Despite not being a distributed library, AWS SDK for pandas could be used to complement Big Data pipelines.

  • Configure Python 3 as the default interpreter for PySpark on your cluster configuration [ONLY REQUIRED FOR EMR < 6]

    [
      {
         "Classification": "spark-env",
         "Configurations": [
           {
             "Classification": "export",
             "Properties": {
                "PYSPARK_PYTHON": "/usr/bin/python3"
              }
           }
        ]
      }
    ]
    
  • Keep the bootstrap script above on S3 and reference it on your cluster.

    • For EMR Release < 6

      #!/usr/bin/env bash
      set -ex
      
      sudo pip-3.6 install pyarrow==2 awswrangler
      
    • For EMR Release >= 6

      #!/usr/bin/env bash
      set -ex
      
      sudo pip install awswrangler
      

From Source

>>> git clone https://github.com/aws/aws-sdk-pandas.git
>>> cd aws-sdk-pandas
>>> pip install .

Notes for Microsoft SQL Server

awswrangler uses pyodbc for interacting with Microsoft SQL Server. To install this package you need the ODBC header files, which can be installed, with the following commands:

>>> sudo apt install unixodbc-dev
>>> yum install unixODBC-devel

After installing these header files you can either just install pyodbc or awswrangler with the sqlserver extra, which will also install pyodbc:

>>> pip install pyodbc
>>> pip install 'awswrangler[sqlserver]'

Finally you also need the correct ODBC Driver for SQL Server. You can have a look at the documentation from Microsoft to see how they can be installed in your environment.
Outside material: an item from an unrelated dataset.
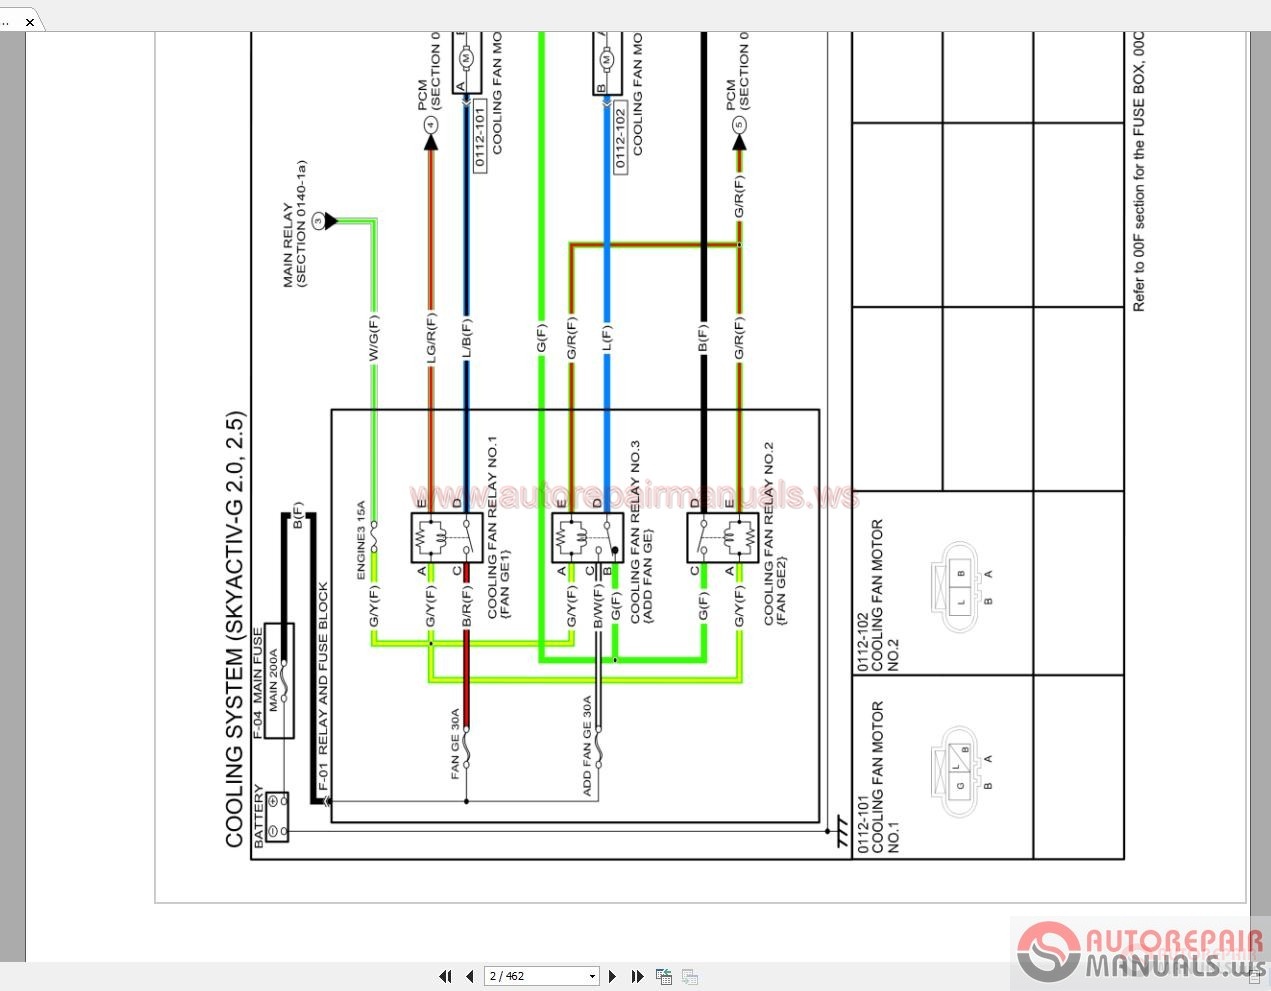 Mazda Cx 5 2016 4wd 2 0 2 5 Wiring Diagram Auto Repair Manual Forum Heavy Equipment Forums Download Repair Workshop Manual

If you want to connect to Microsoft SQL Server from AWS Lambda, you can build a separate Layer including the needed OBDC drivers and pyobdc.
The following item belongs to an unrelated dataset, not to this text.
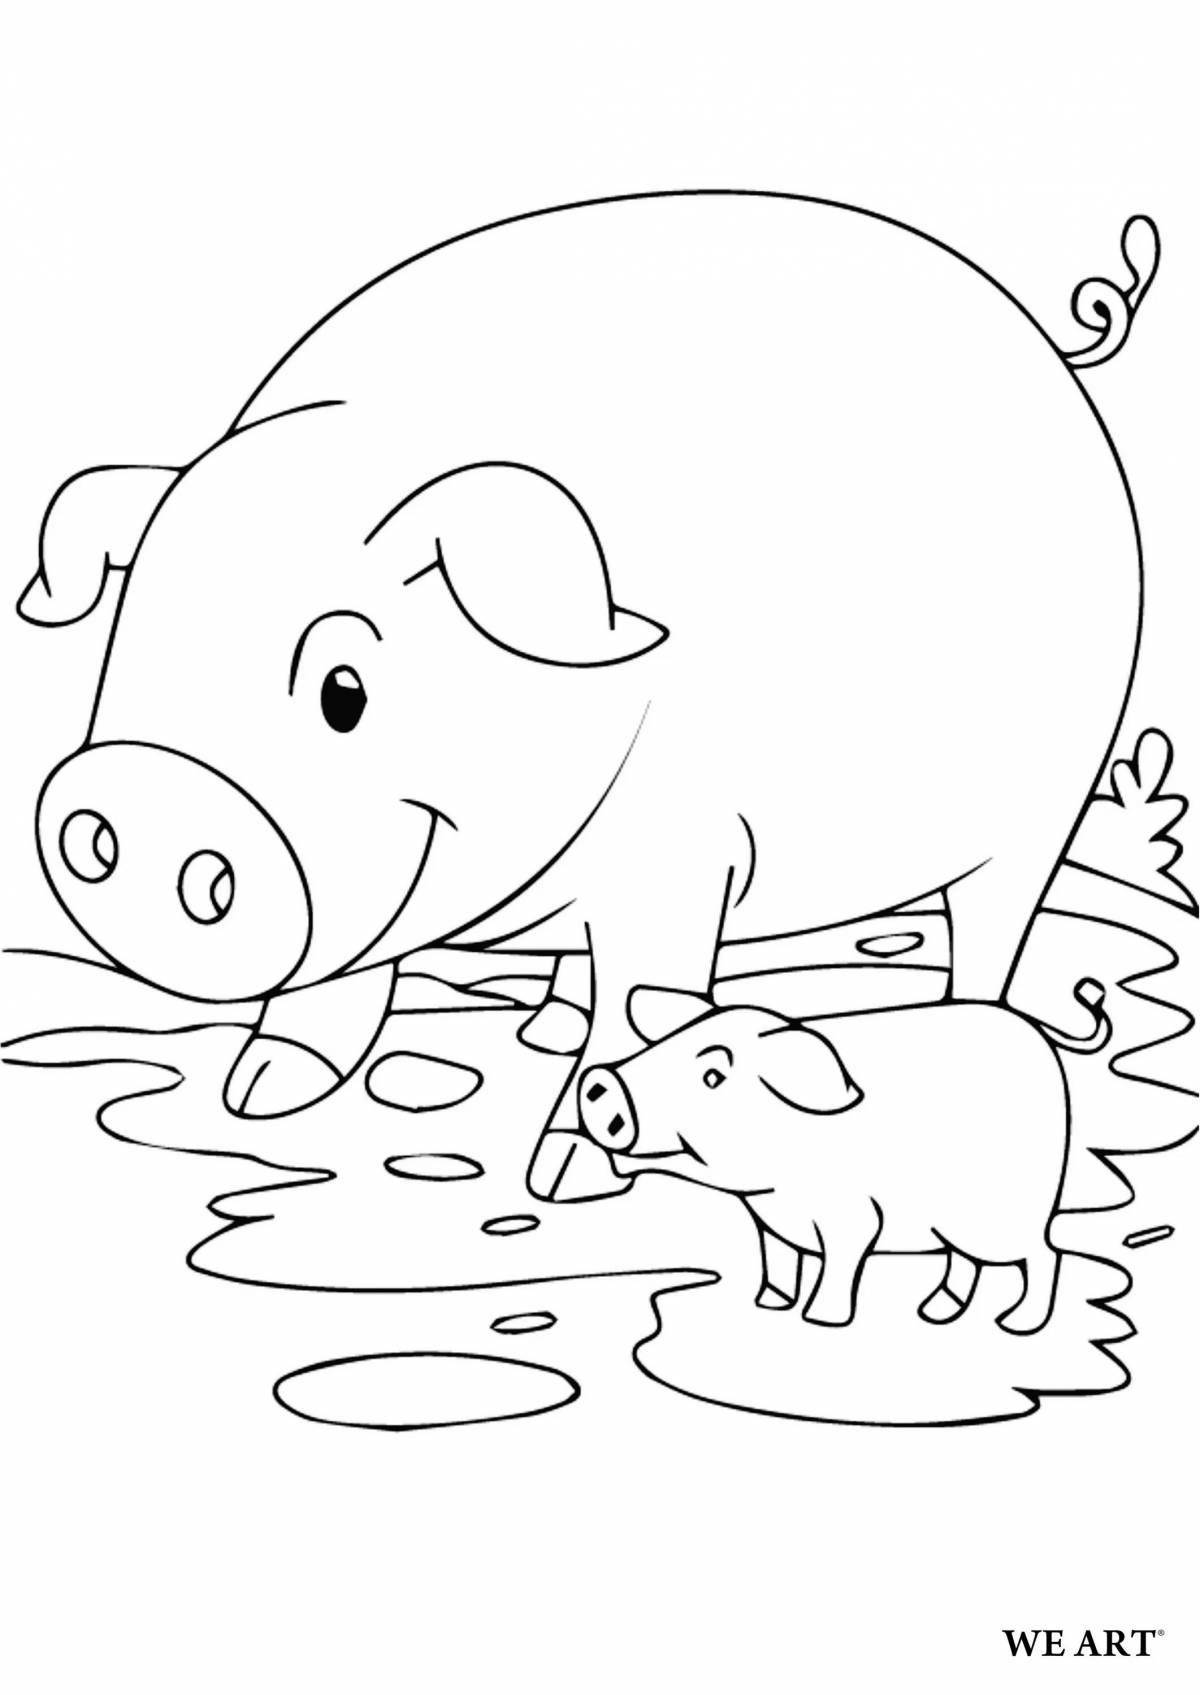 Экзотическая раскраска свинья для детей

If you maintain your own environment, you need to take care of the above steps. Because of this limitation usage in combination with Glue jobs is limited and you need to rely on the provided functionality inside Glue itself.

Notes for Oracle Database

awswrangler is using the oracledb for interacting with Oracle Database. For installing this package you do not need the Oracle Client libraries unless you want to use the Thick mode. You can have a look at the documentation from Oracle to see how they can be installed in your environment.
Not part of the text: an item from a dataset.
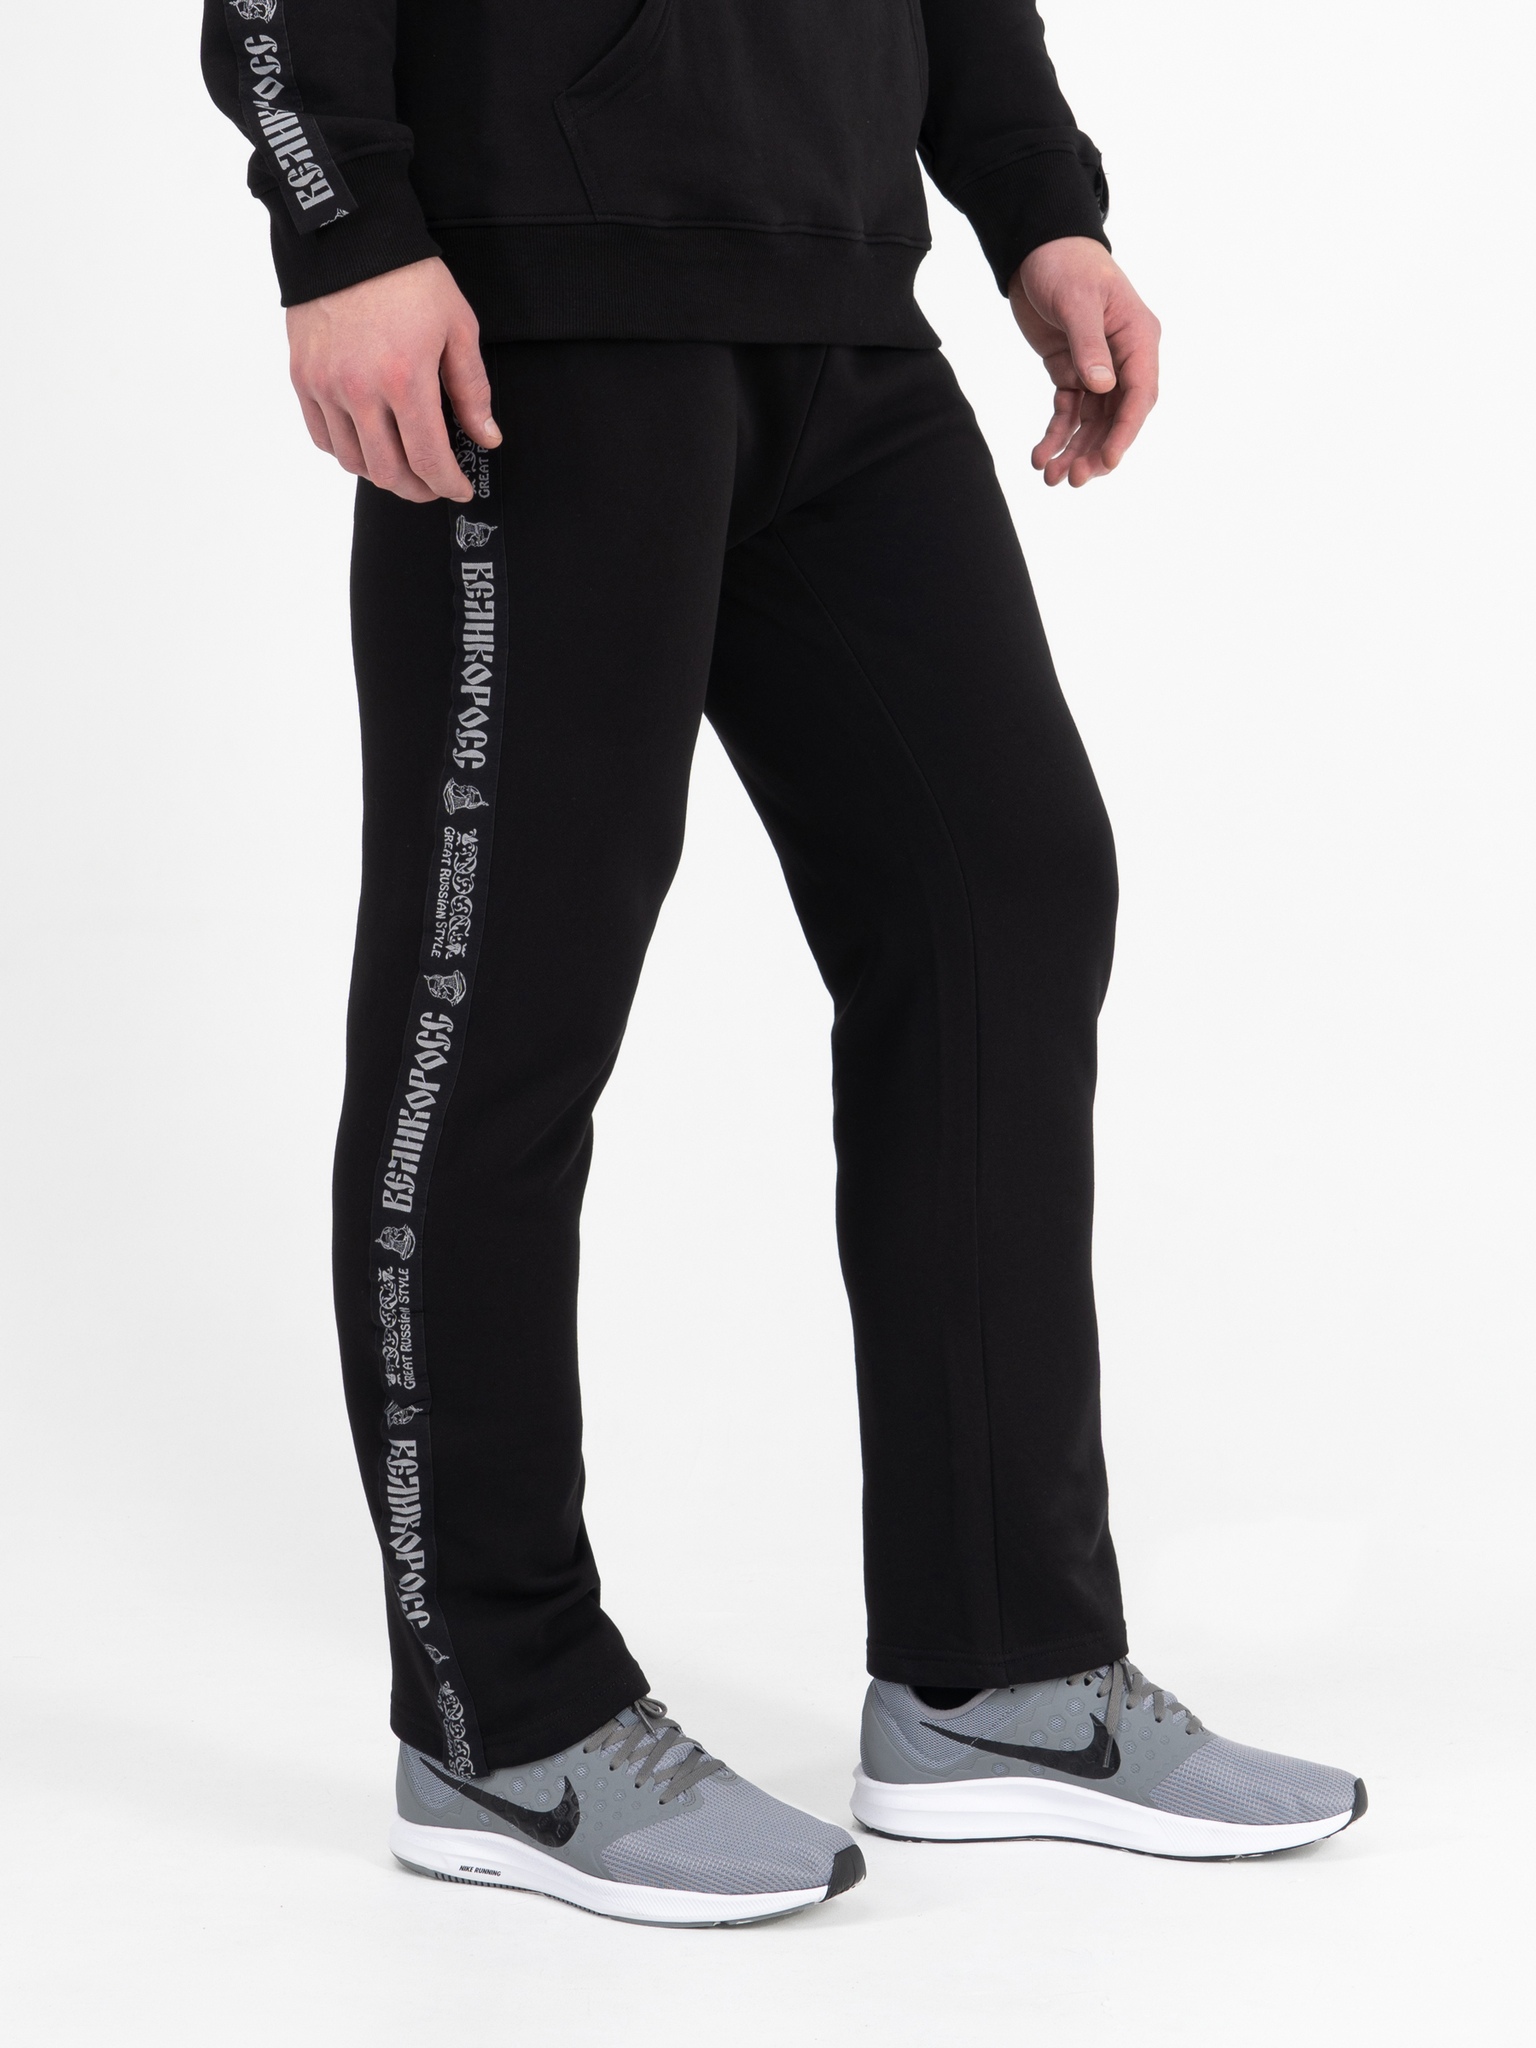 фото Спортивные брюки мужские великоросс bm черные 48 ru

After installing these client libraries you can either just install oracledb or awswrangler with the oracle extra, which will also install oracledb:

>>> pip install oracledb
>>> pip install 'awswrangler[oracle]'

If you maintain your own environment, you need to take care of the above steps. Because of this limitation usage in combination with Glue jobs is limited and you need to rely on the provided functionality inside Glue itself.